Exercise data ::
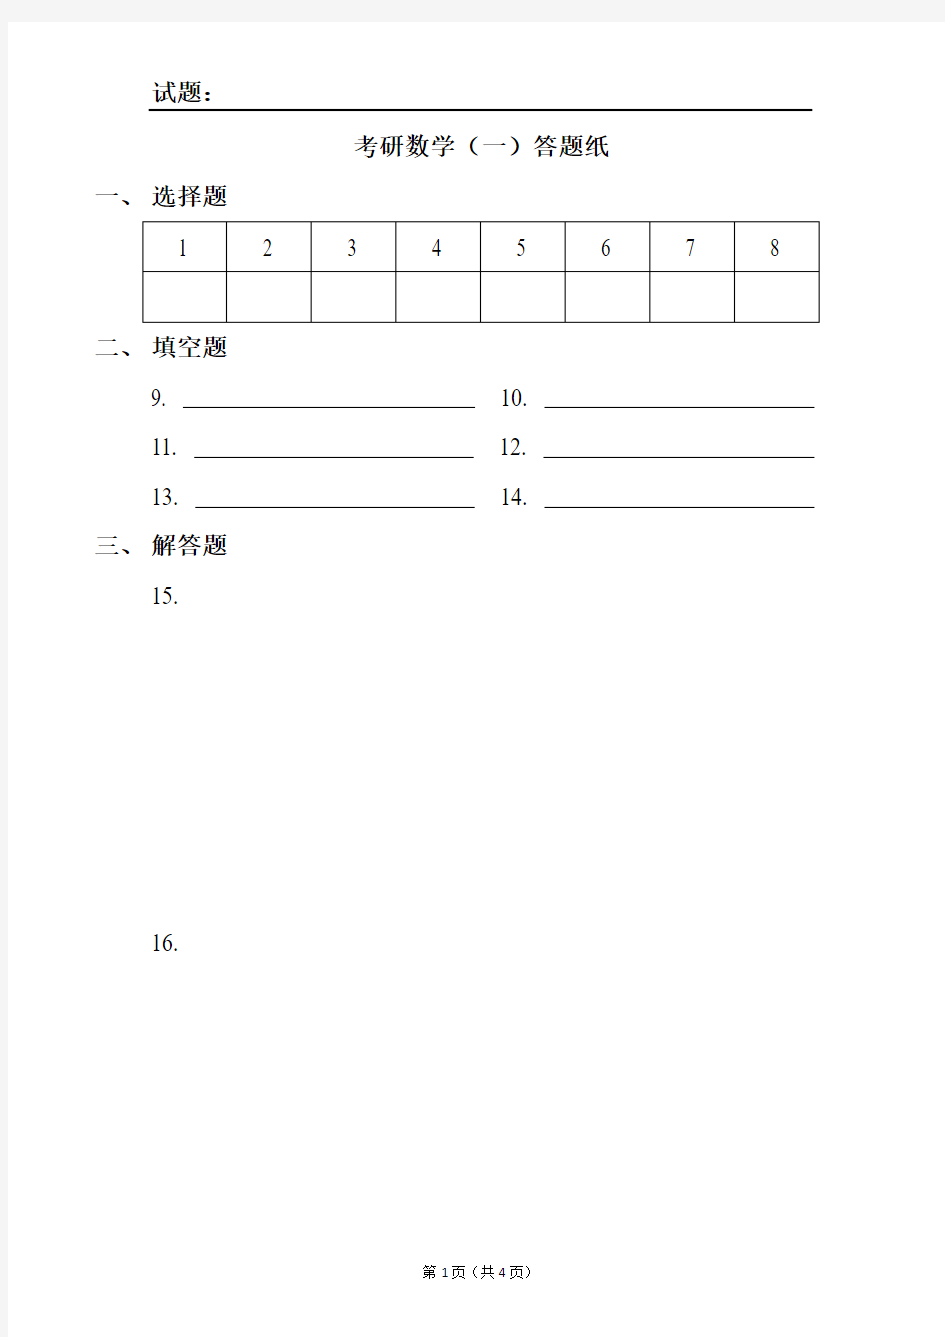 考研数学答题卡(自制完美打印版).pdf
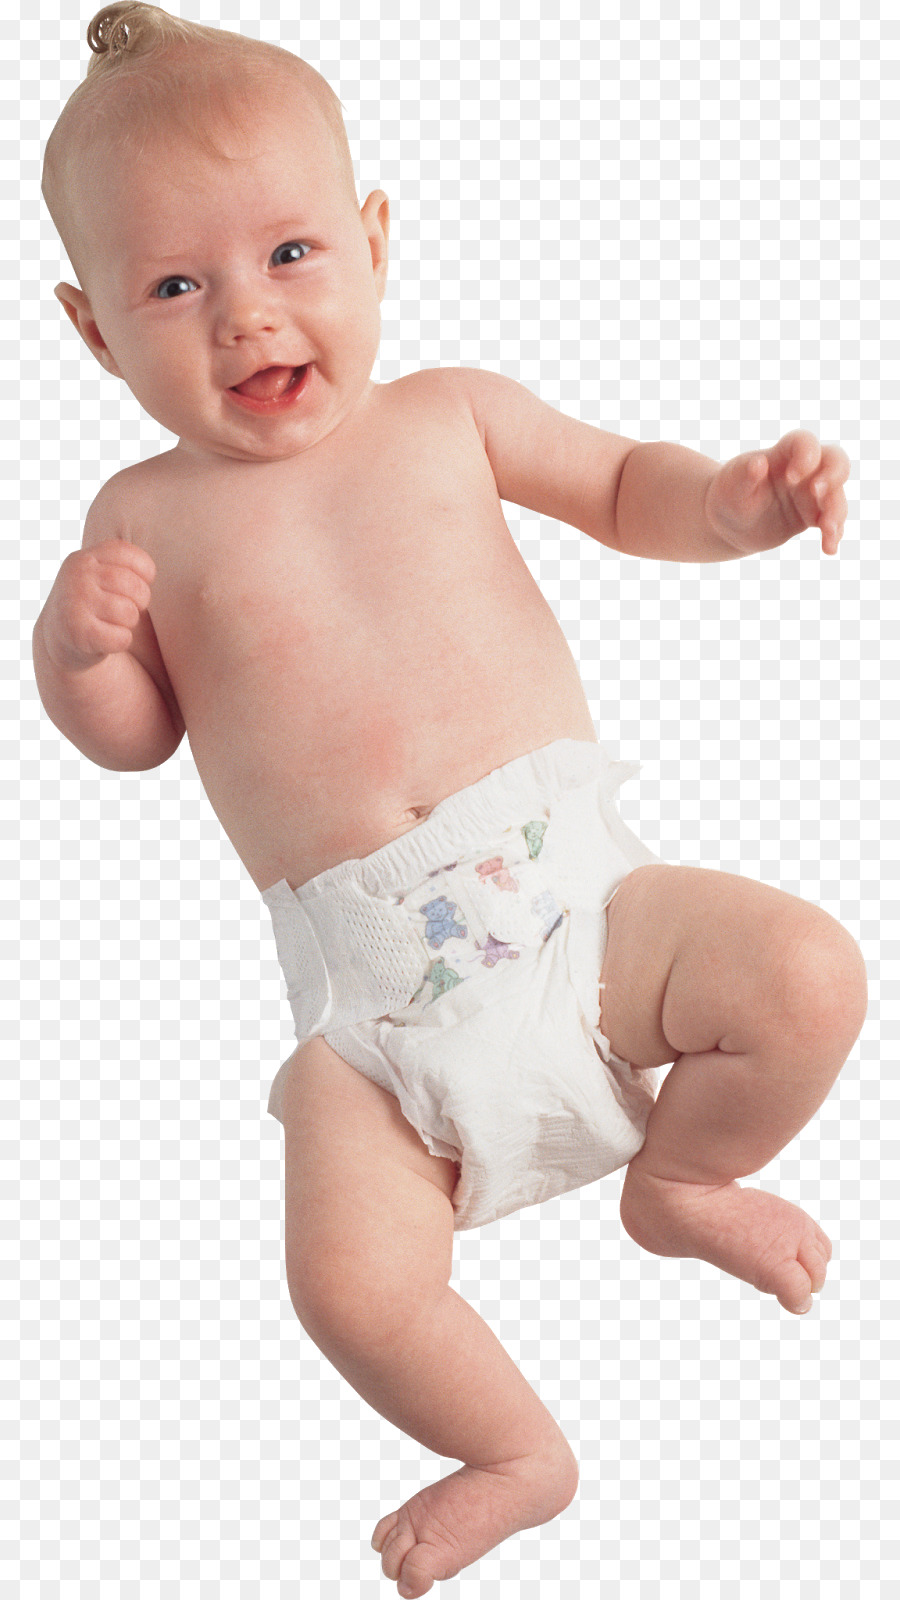 Infant Child Toddler Clip art - child png download - 836*1600 - Free Transparent Infant png Download.
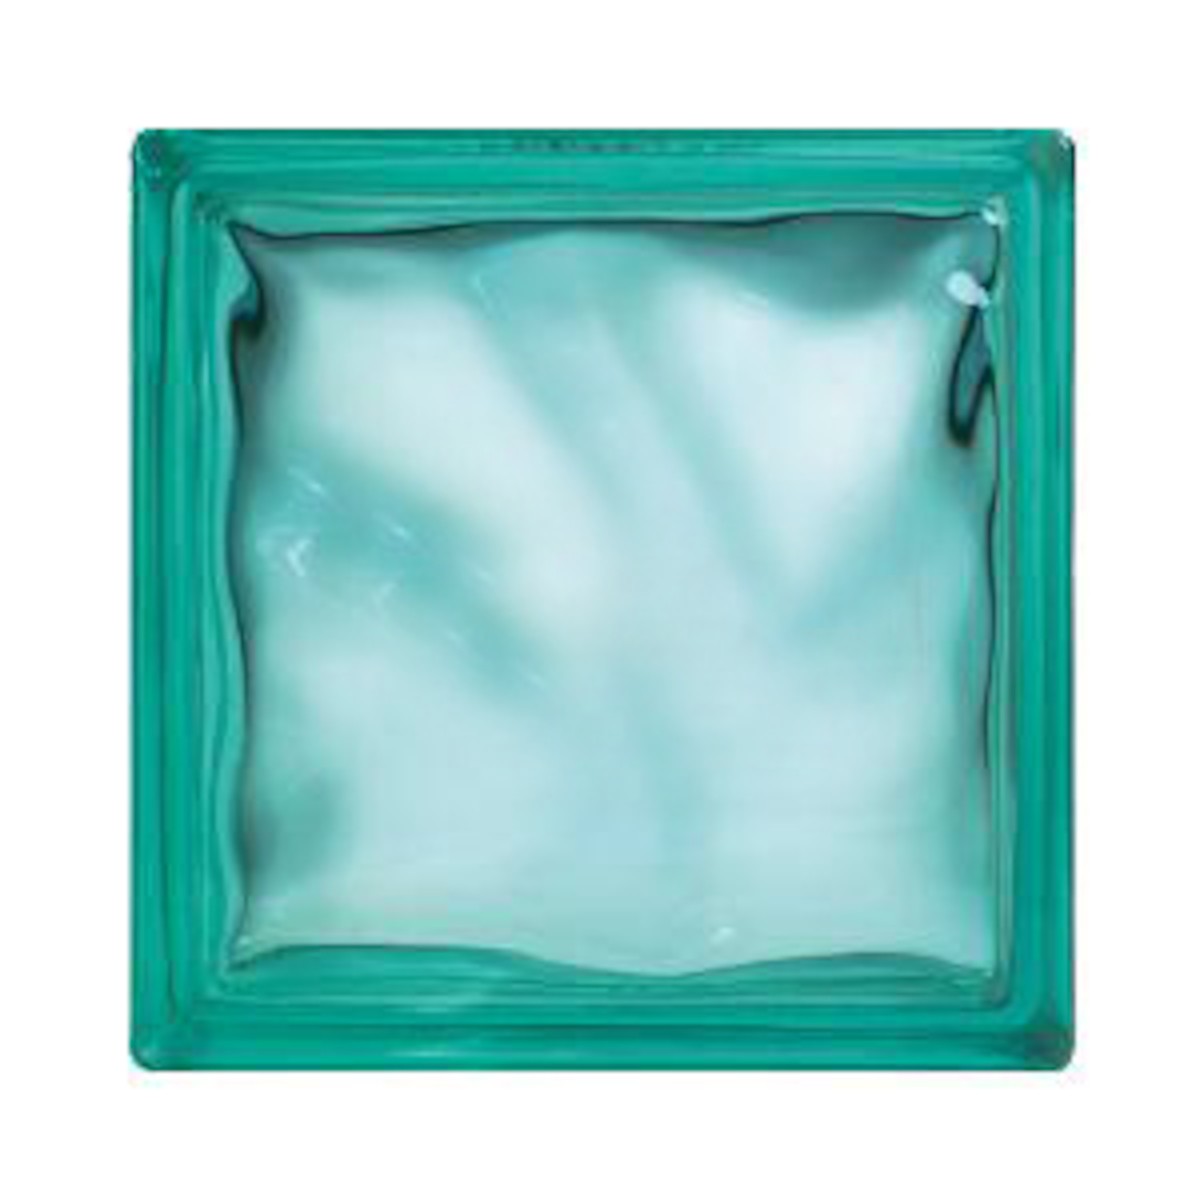 Luxfera Glassblocks turquoise 19x19x8 cm mat 1908WTURQUOISE Glassblocks

Problem details ::
Copy out every line of the data above, taking care to leave the pictures out.

Written response ::
 考研数学答题卡(自制完美打印版).pdf
 Infant Child Toddler Clip art - child png download - 836*1600 - Free Transparent Infant png Download.
 Luxfera Glassblocks turquoise 19x19x8 cm mat 1908WTURQUOISE Glassblocks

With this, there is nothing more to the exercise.